§ What you have to do
A verbatim repeat of the lines below is required, with the pictures removed.

§ Information provided
>>>>>

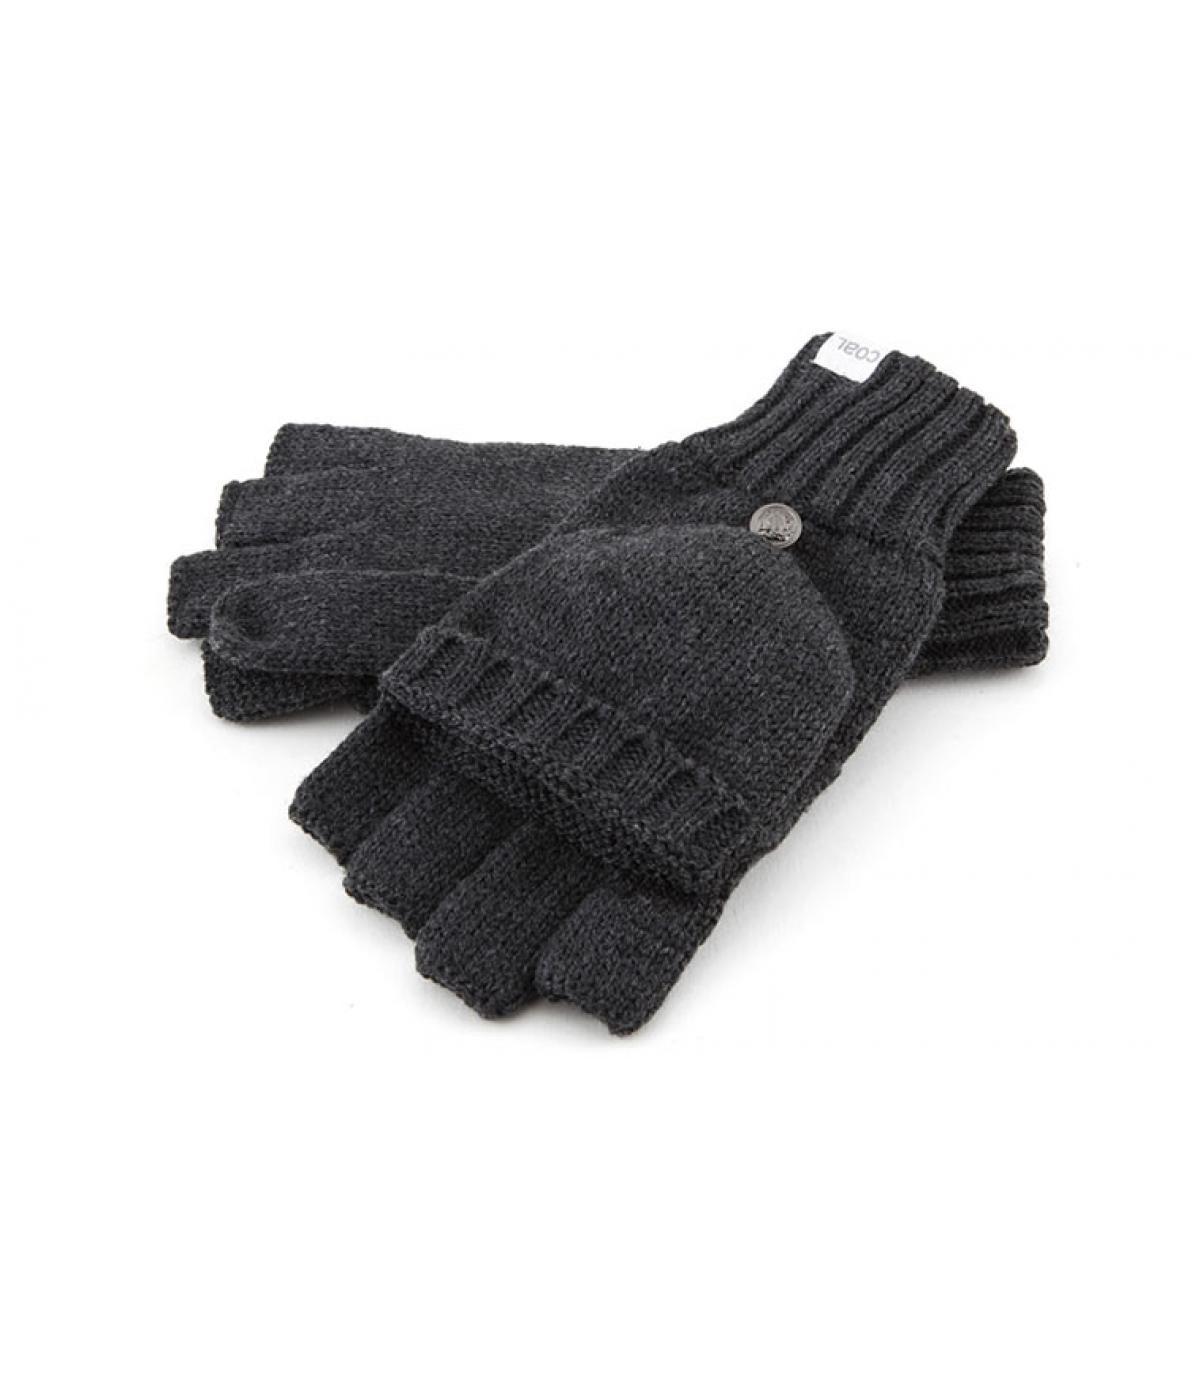 Handschuhe Fäustlinge grau
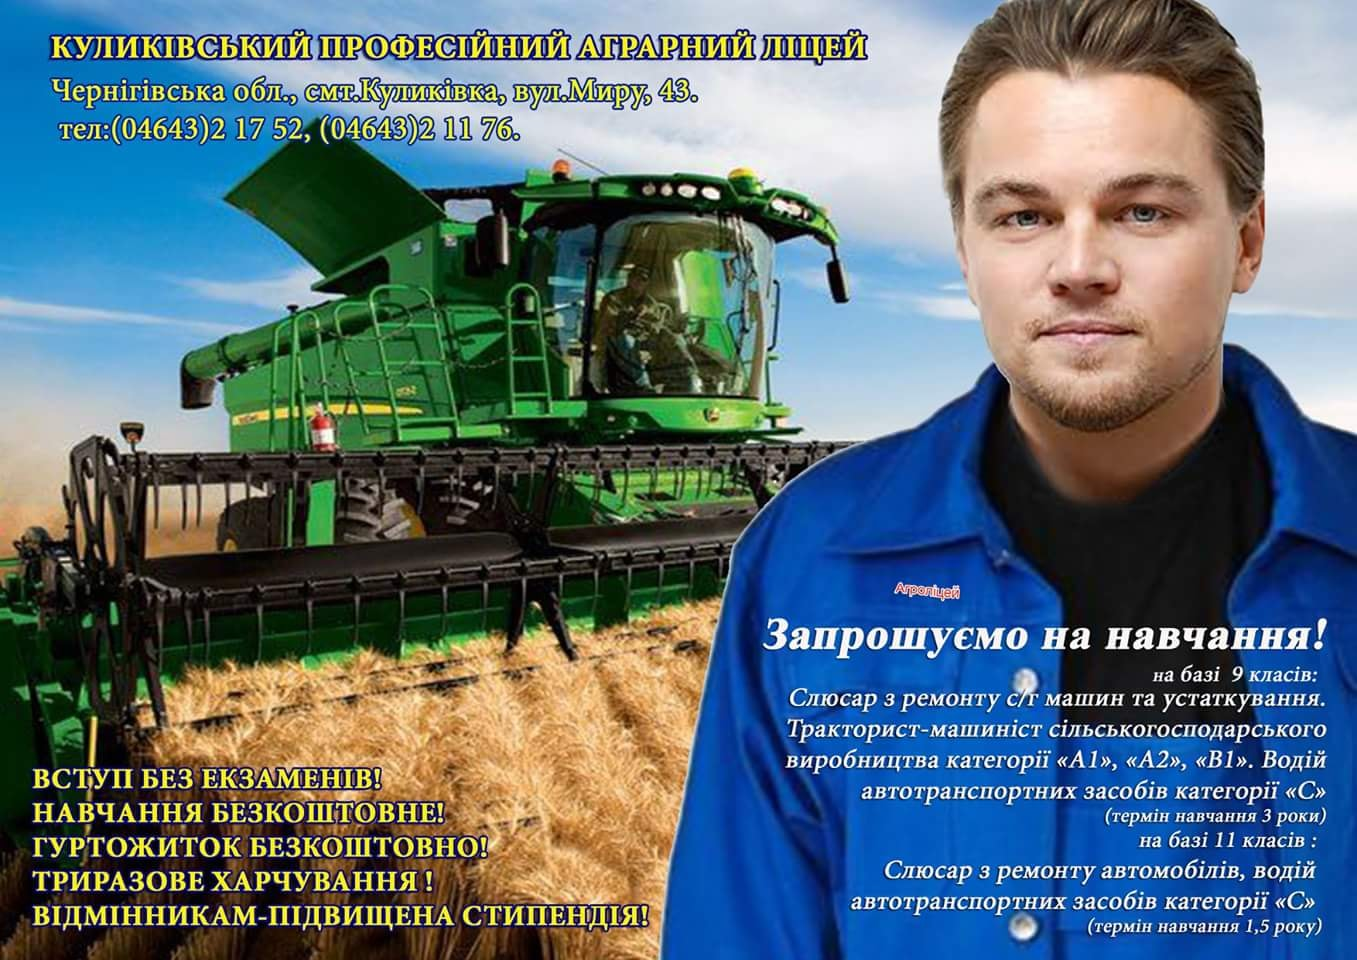 https://ic.pics.livejournal.com/yuripasholok/765139/8854742/8854742_original.jpg
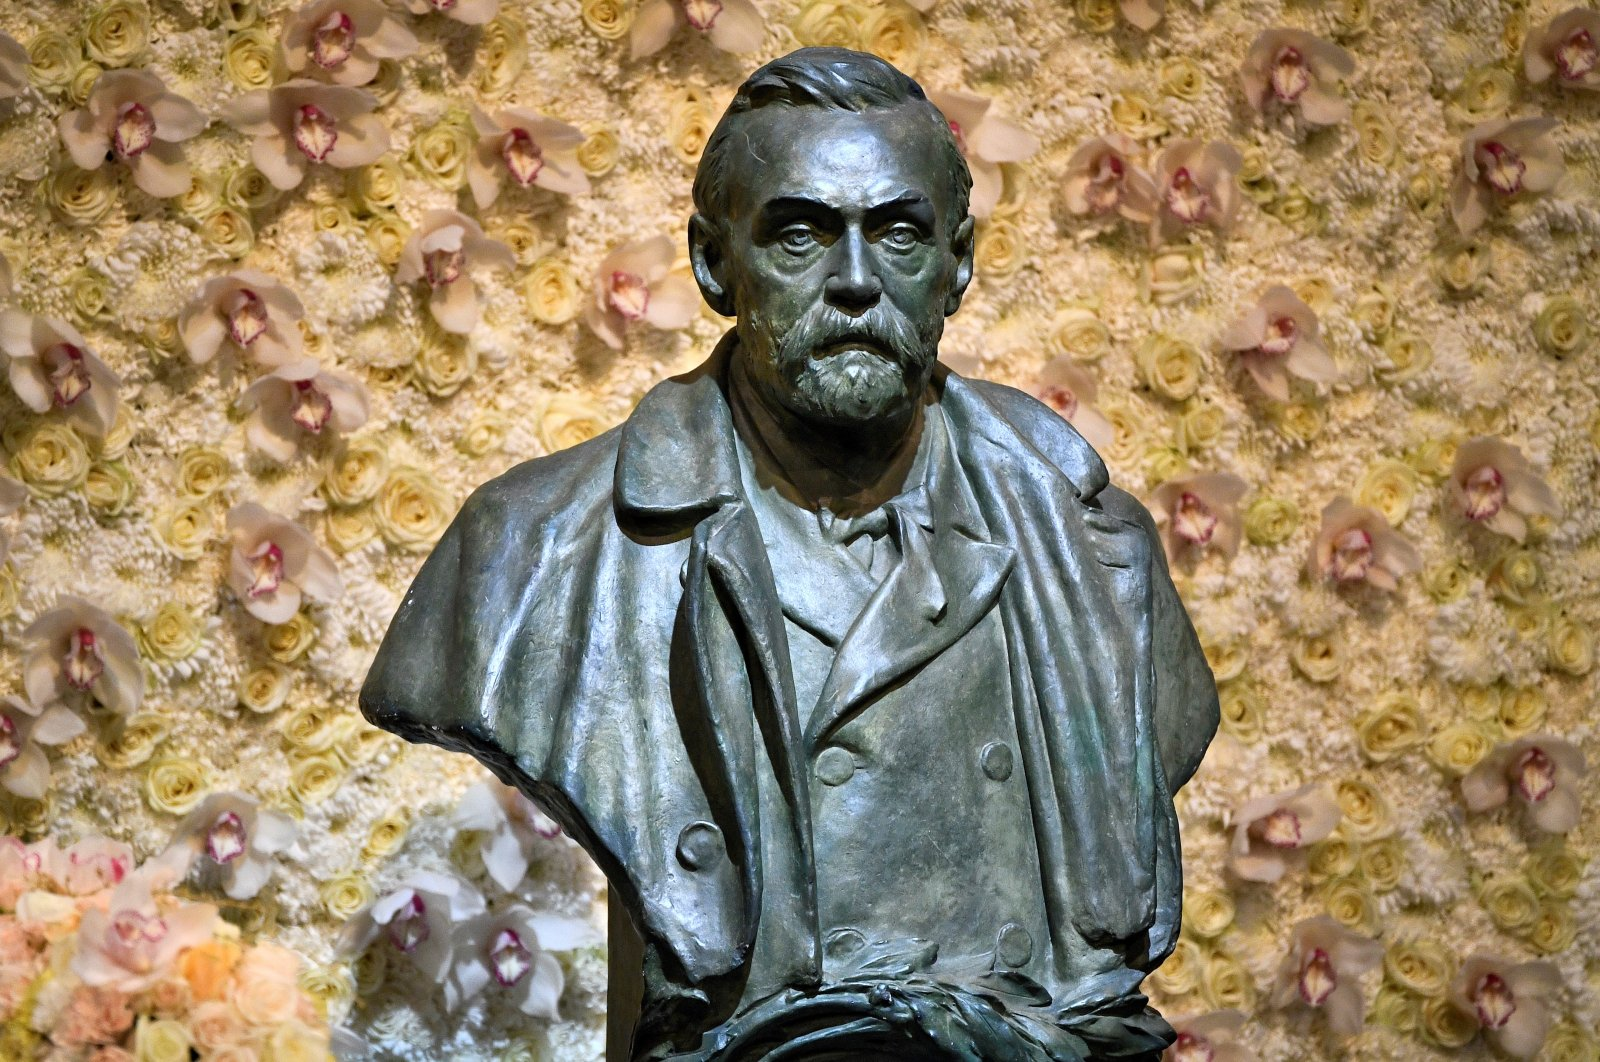 A bronze bust of Alfred Nobel is pictured before the Nobel Prize ceremony at Stockholm Concert Hall, in Stockholm, Sweden Dec. 10, 2019. (Reuters Photo)
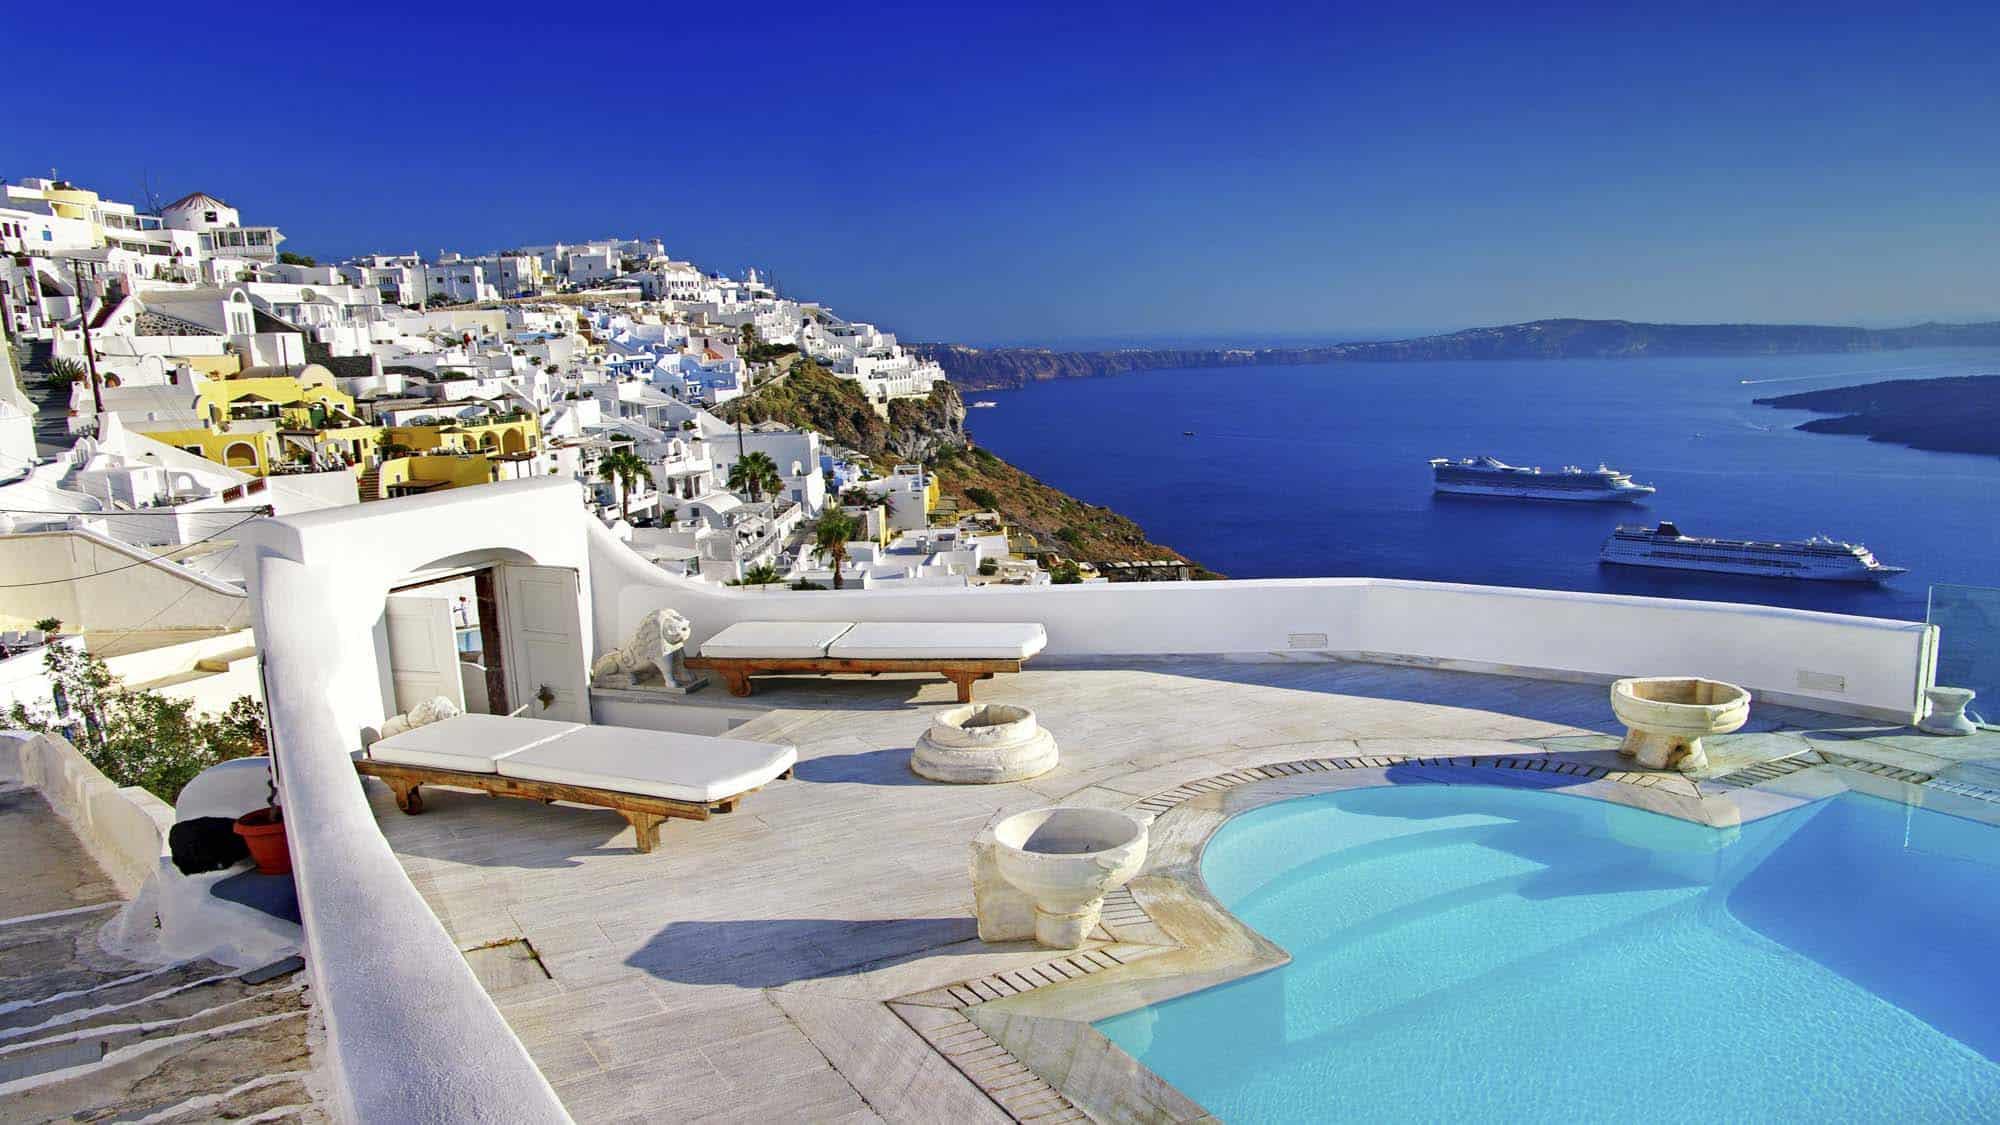 GreekIslands-Cruisepool_16_9

<<<<<

§ Reply to the exercise
 Handschuhe Fäustlinge grau
 https://ic.pics.livejournal.com/yuripasholok/765139/8854742/8854742_original.jpg
 A bronze bust of Alfred Nobel is pictured before the Nobel Prize ceremony at Stockholm Concert Hall, in Stockholm, Sweden Dec. 10, 2019. (Reuters Photo)
 GreekIslands-Cruisepool_16_9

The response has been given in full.